I have the following query that I use as a part of a custom search engine on my site. I've stripped it down for readability, the joined tables will have columns in the select clause, that's why they're there:

select distinct ( u.userID ), u.lastLogin, totalUsers = COUNT( u.userID ) OVER() 
From   ZipCodes z  
	inner join tblUsers u on z.zipCode = u.zipCode  
	inner join tblUserOffers uo on u.userID = uo.userID 
Where <a big long where clause>
order by u.lastLogin OFFSET 0 
ROWS FETCH NEXT 500 ROWS ONLY 

Open in new window


my problem is with the totalUsers field. It's listing all of the records when I should get results based off of distinct( userID ).
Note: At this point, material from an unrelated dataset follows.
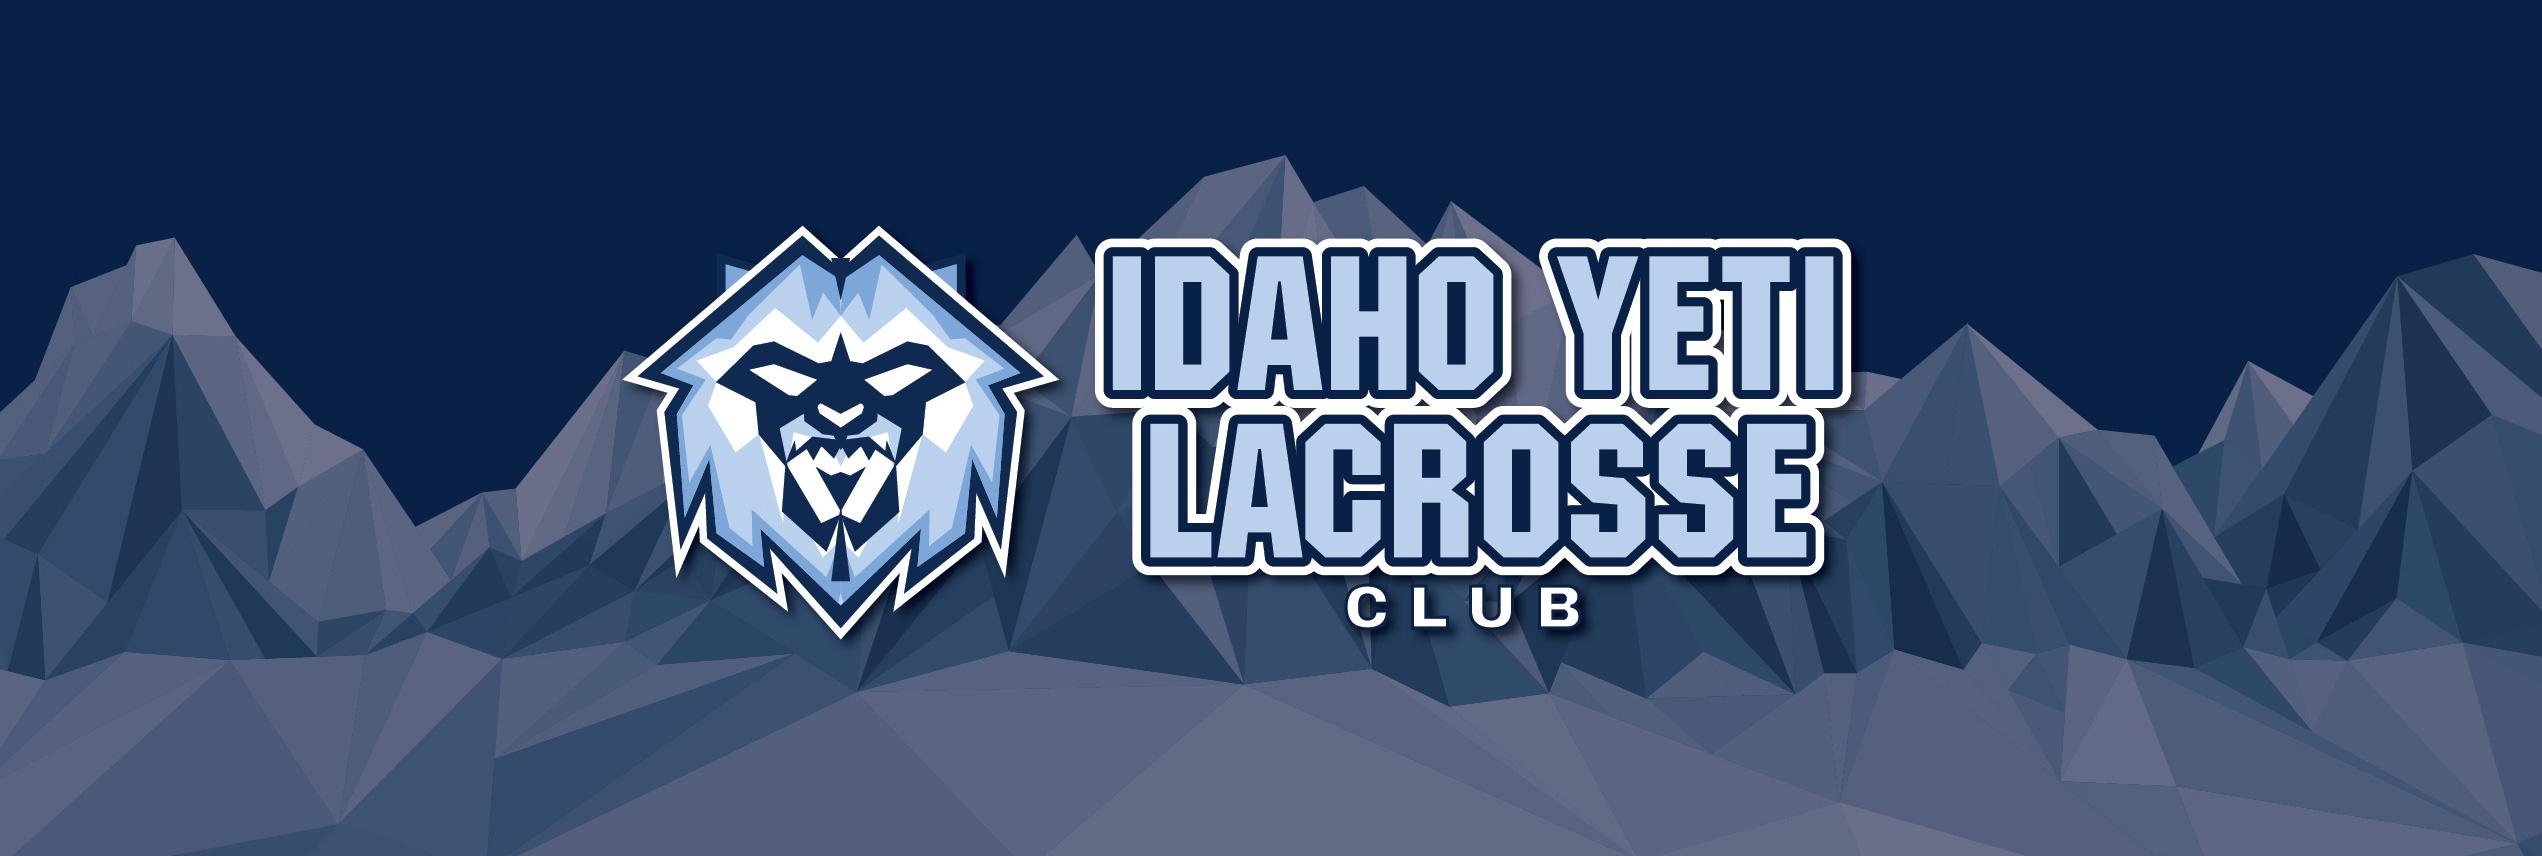 Idaho yeti 2018 youtube image

For example, when I run the query with certain parameters, I get back 21 rows of data, however the totalUsers column has a value of 46. If I remove the DISTINCT clause, I get back 46 rows of data, however there are duplicates (and I'm not sure if I'm enough of a sql ninja to tune the complex query to prevent dupes). This query (part of a stored procedure) will be used often, so it needs to be as efficient as possible.

Cheers in advance for any help :)
Avatar of HainKurt
HainKurt
Flag of Canada image

above query looks weird...
what are you trying to do?

give a sample from input and the result you are looking for...
Avatar of PortletPaul
"select distinct" is NOT A FUNCTION, the parentheses around u.userID have NO EFFECT whatsoever

"select distinct" ensures the output to be different on each row - so when you state that the rows have duplicates technically that is impossible - there has to be something different on each row.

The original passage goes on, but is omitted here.